+++ Data provided +++

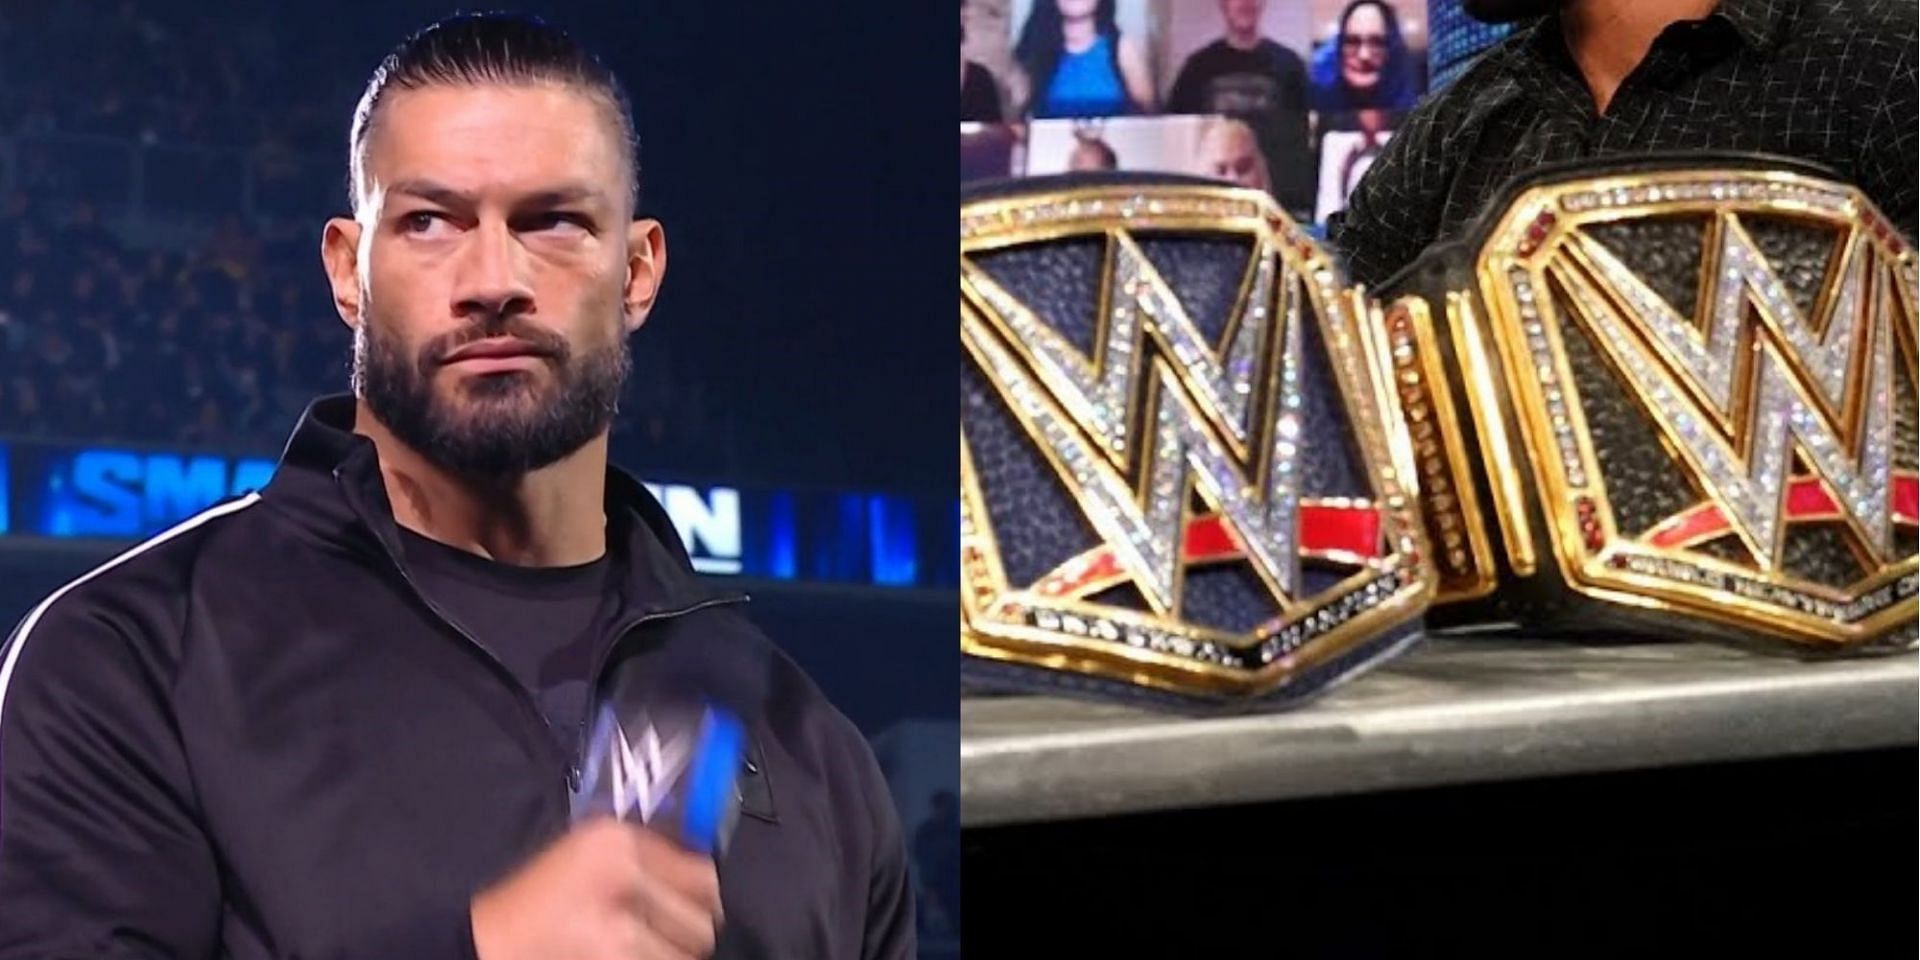 Roman Reigns is the current WWE Undisputed Universal Champion
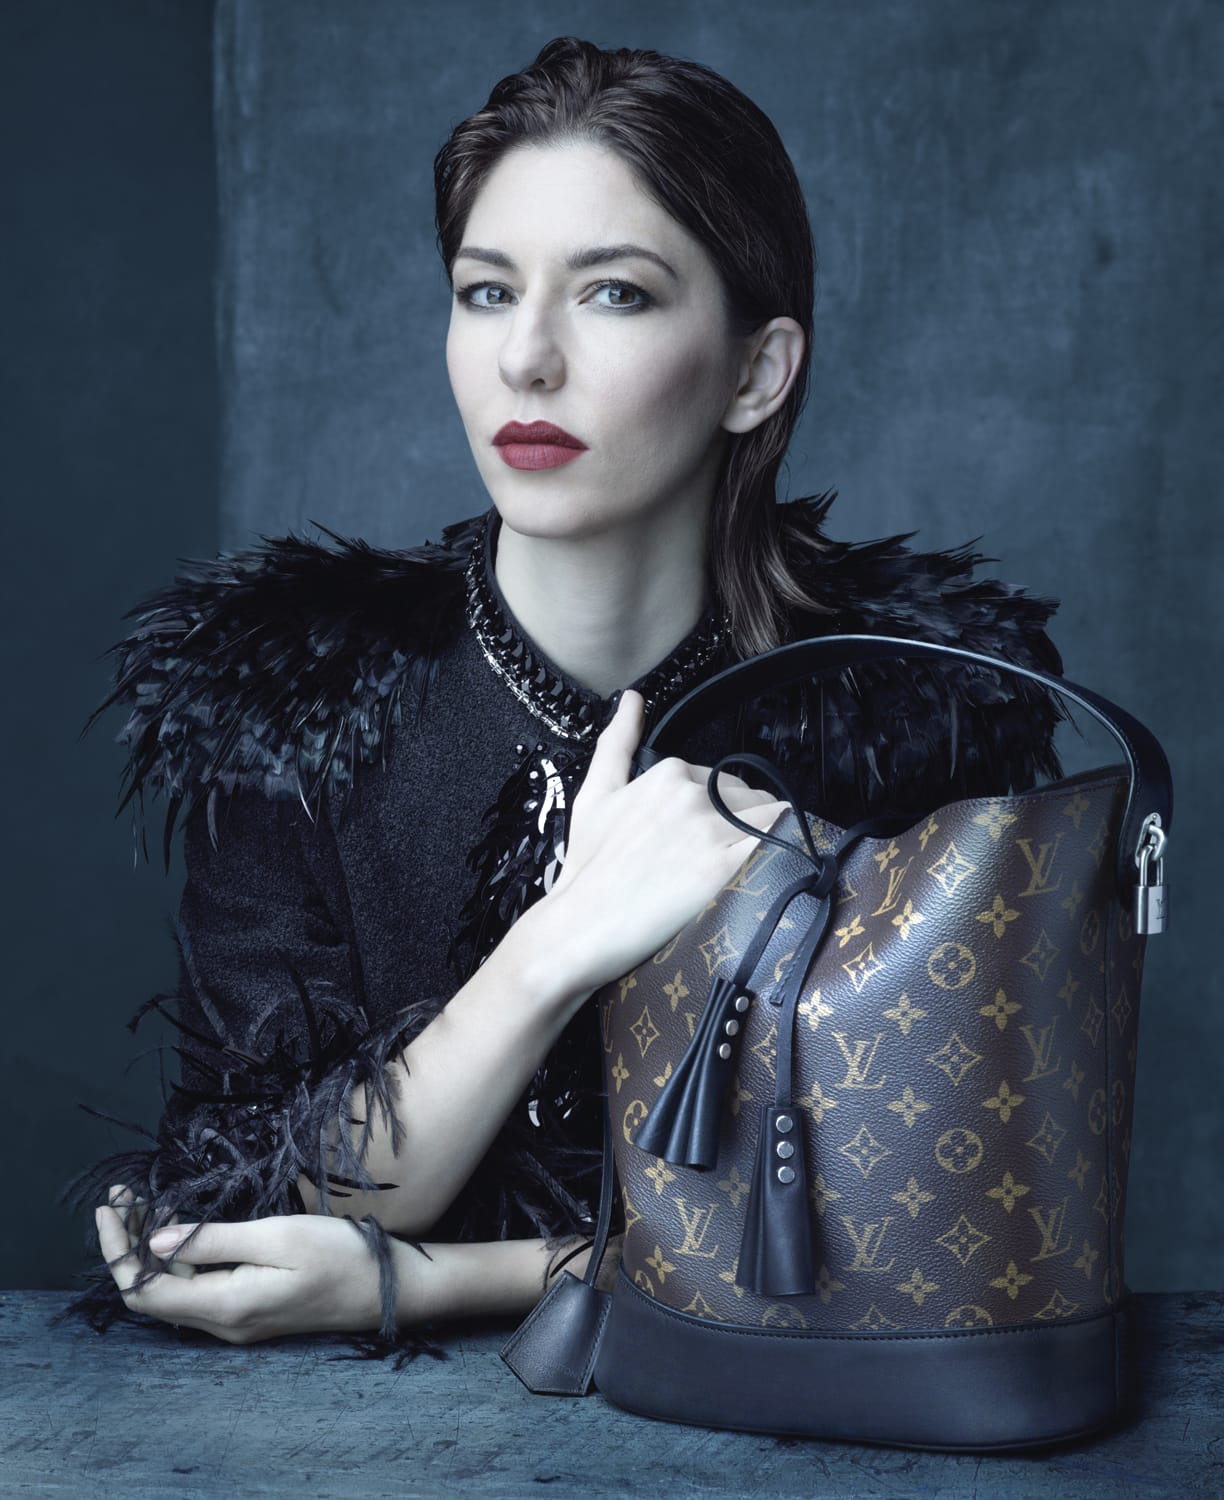 Accessories collection from Sofia Coppola for Louis Vuitton
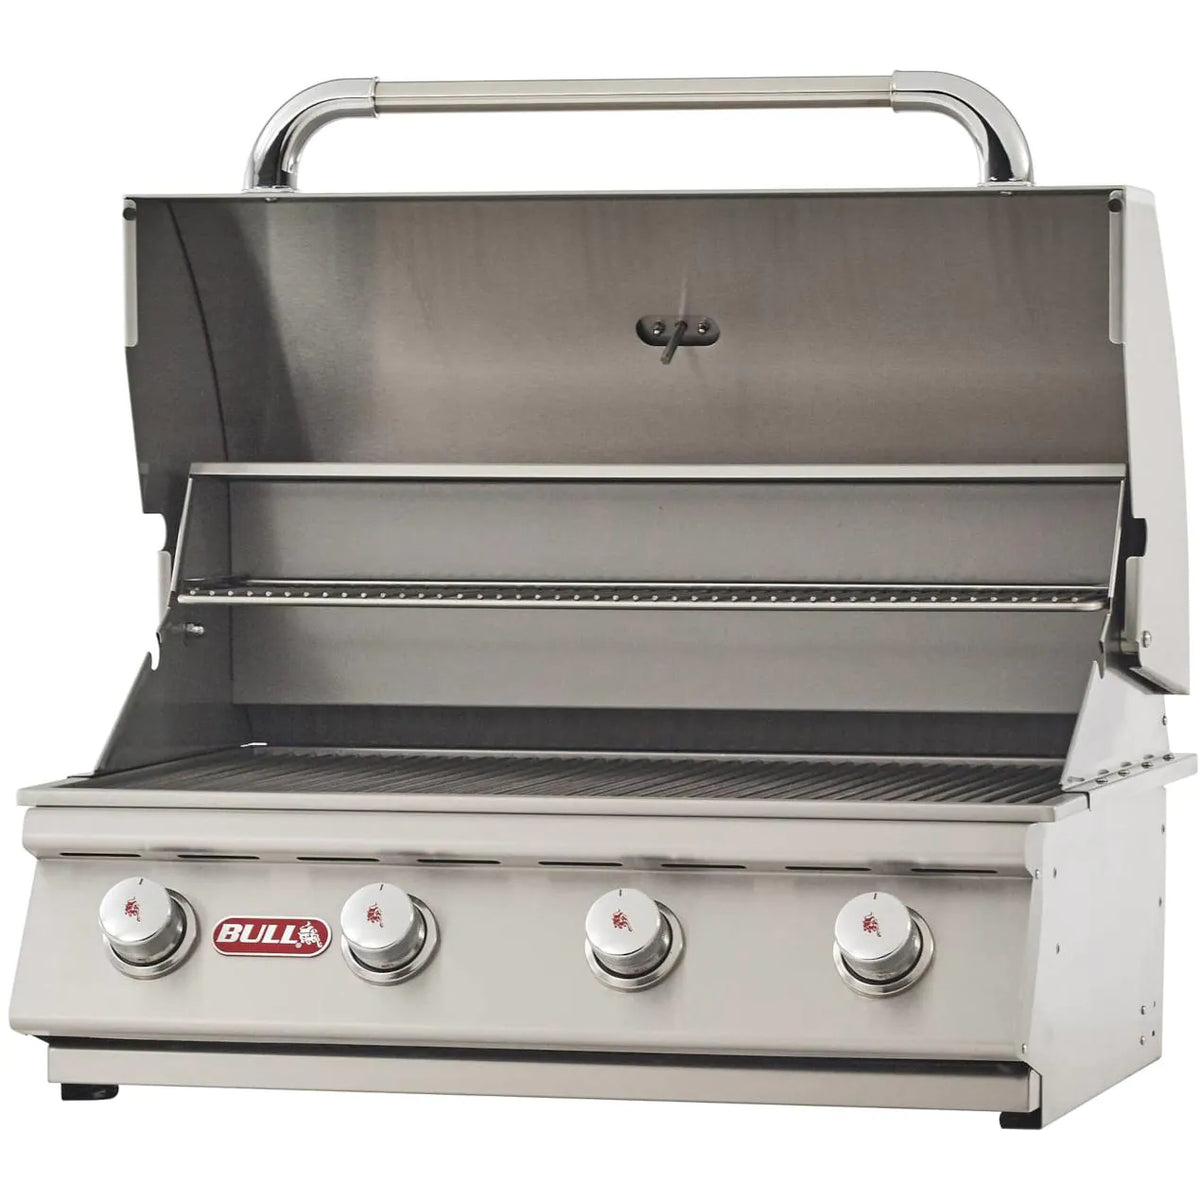 Bull 26038 Outlaw 4-Burner Built-In Gas Grill - Angled View With Hood Open
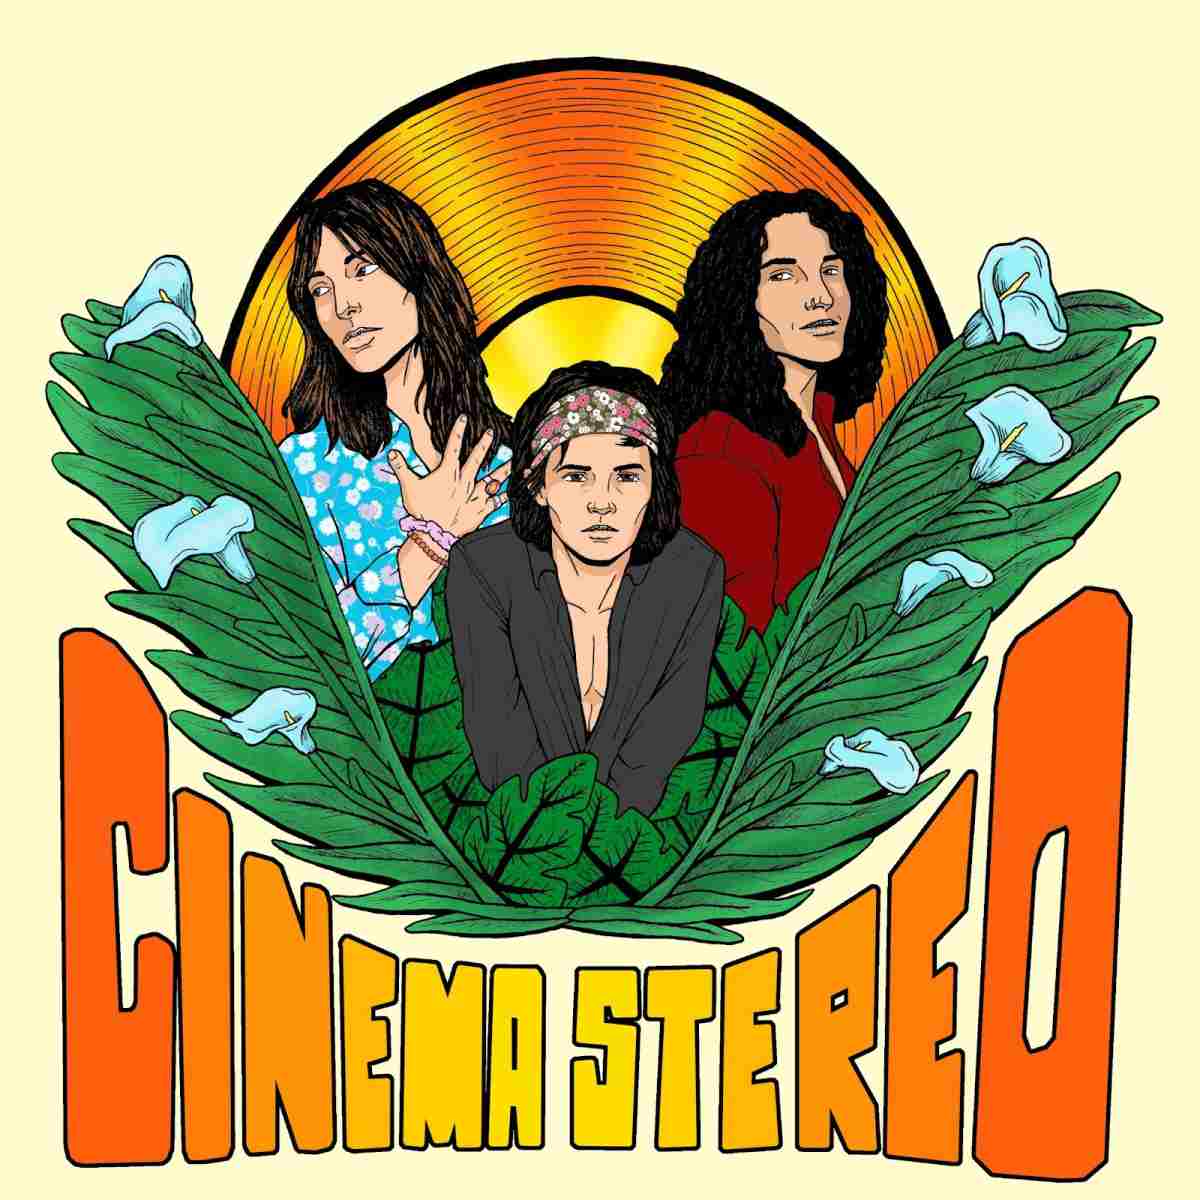 Cinema Stereo Revive Classic Rock and Release Self-titled Debut Album - Newslibre
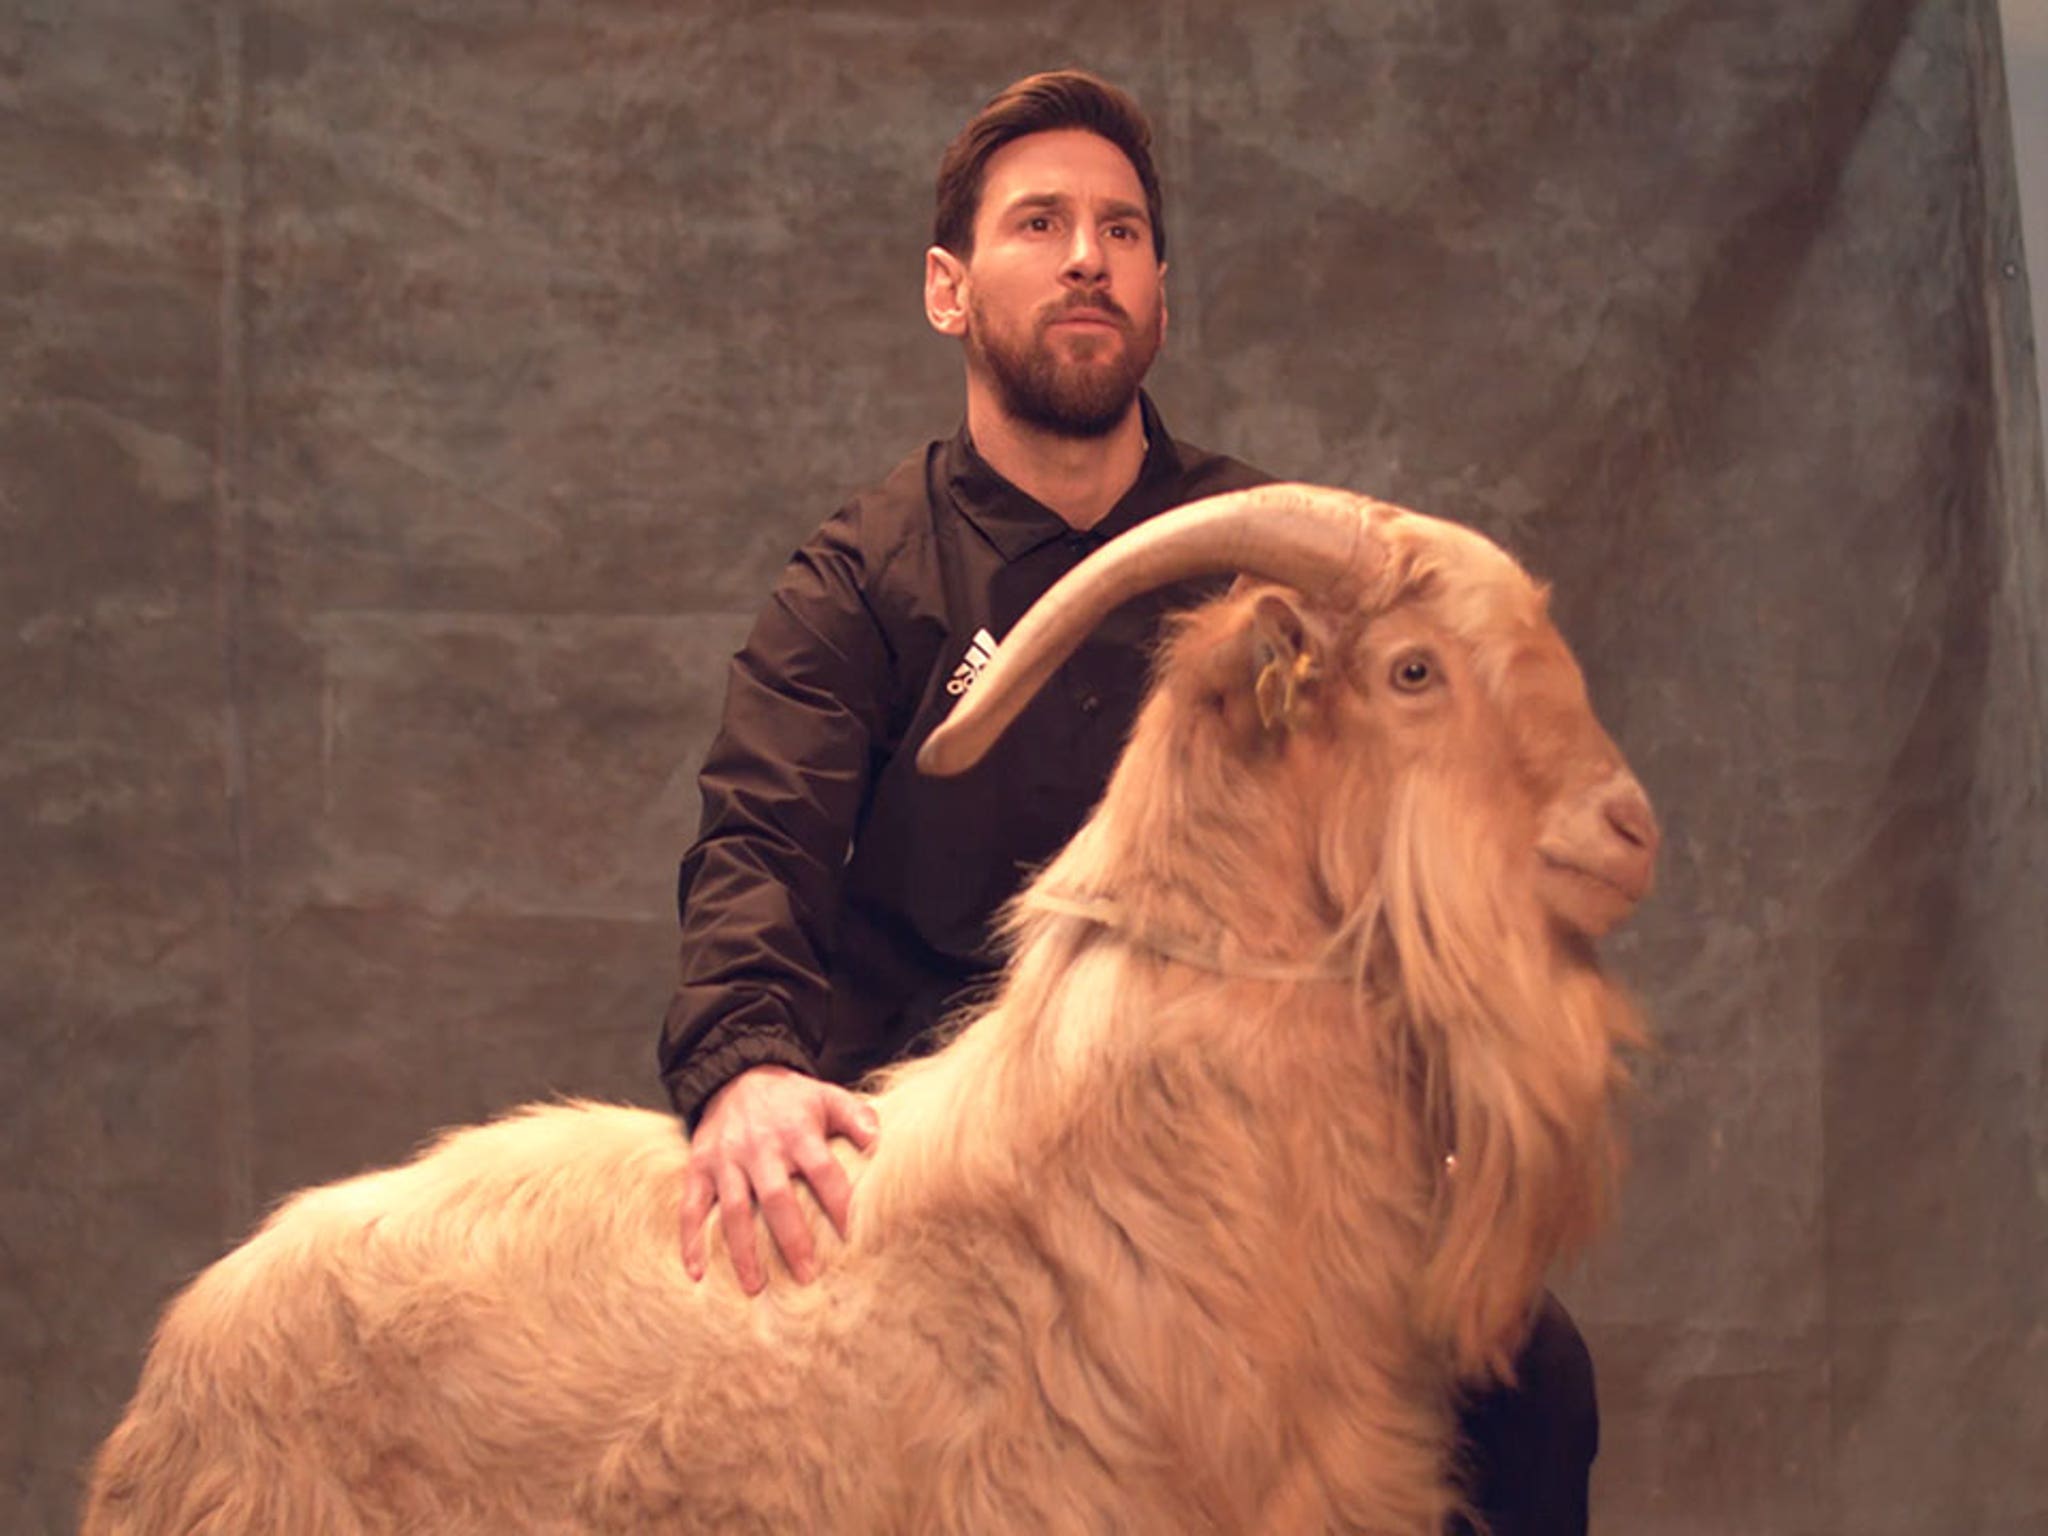 Lionel Messi Poses with Goats While Saying He's Not the G.O.A.T

+++

● What you should do
Only the lines from the one with "Cinema Stereo Revive" through the final line of the entries above should be transcribed, exactly and without pictures.

● Answer space
 Cinema Stereo Revive Classic Rock and Release Self-titled Debut Album - Newslibre
 Lionel Messi Poses with Goats While Saying He's Not the G.O.A.T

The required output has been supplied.